Power law rank–abundance distributions have been there since Pareto first discovered the relationship between rank and wealth. Many mechanisms give rise to power laws but they are all essentially of the rich-grow-richer type. The mechanism described in this study is simple, new, and fundamentally different. It is motivated by the kill the winner hypothesis for marine phage advanced by Thingstad (2000). Contrary to other power law scenarios, which show a type of stability where the rich stay rich, in this model the dominant phage keeps changing. In this paper, a mechanism is advanced that can produce a power law rank–abundance distribution in which the population size of any one phage cycles through the ranks. The authors begin by citing some evidence that the marine phage community structure is indeed well approximated by a power law.

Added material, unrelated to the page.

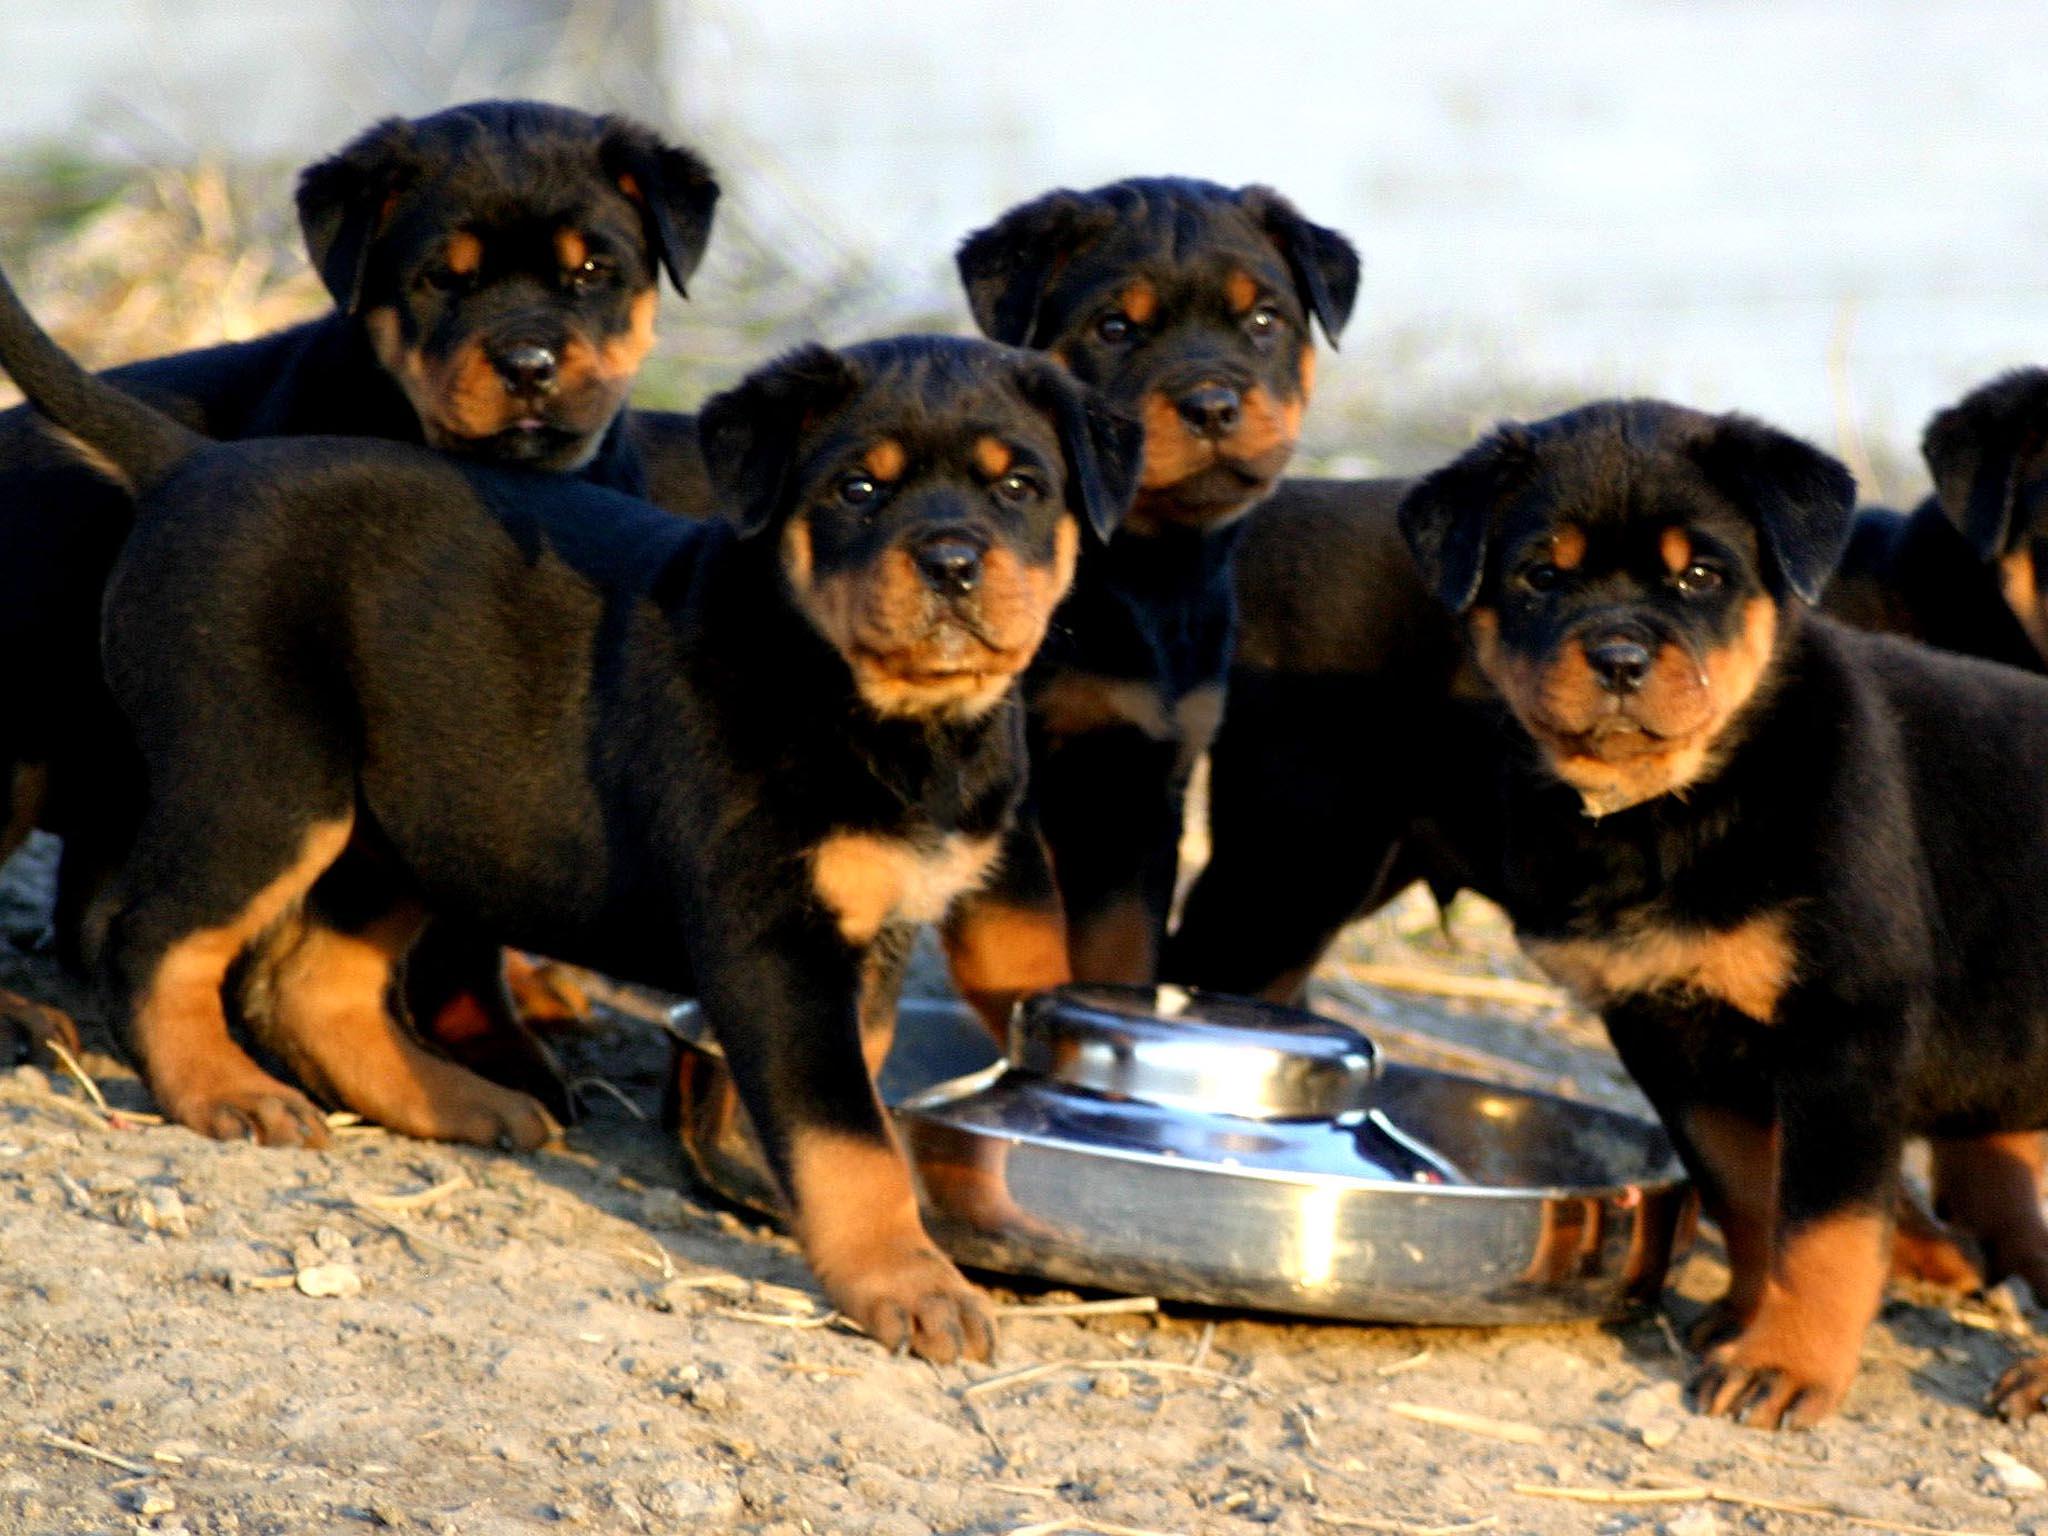 Cute rottweiler puppies eating wallpaper

### Experimental basis for the model

Phage are viruses that predate on bacteria. Phage are also the most abundant biological entities in the biosphere, with an estimated 10^{31} particles on the planet^{1}. In this study, six distributions (broken stick, exponential, logarithmic, lognormal, niche pre-emption, and power law) were tested for their goodness of fit to marine phage metagenomic data obtained from shotgun sequencing as described in Breitbart *et al.* (2002). The distributions were chosen based on prior use in ecological or mathematical contexts (Magurran, 2003). In each of the two experiments considered, 200 L of water were filtered to yield about 2 × 10^{12} viral particles. The first sample was collected from Mission Bay, the second from near-shore ocean off Scripp's Pier, both in San Diego. The viral particles were lysed and a linker amplified shotgun library was created. A number of clones (1061 and 873, respectively) were sequenced and analyzed for contiguous fragments of sequenced DNA using a criterion of 98% or better identity over at least 20 bp. The analysis consisted of assembling matching pieces into groups called contigs, where a *q*-contig is a collection of *q* fragments that can be assembled by virtue of matching overlaps. The number of observed 1-contigs, 2-contigs, … were then used as the basis for community structure inferences. The two communities discussed had [1-contigs, 2-contigs, 3-contigs] given by [1021, 17, 2] and [841, 13, 2], respectively. No higher order contigs were observed.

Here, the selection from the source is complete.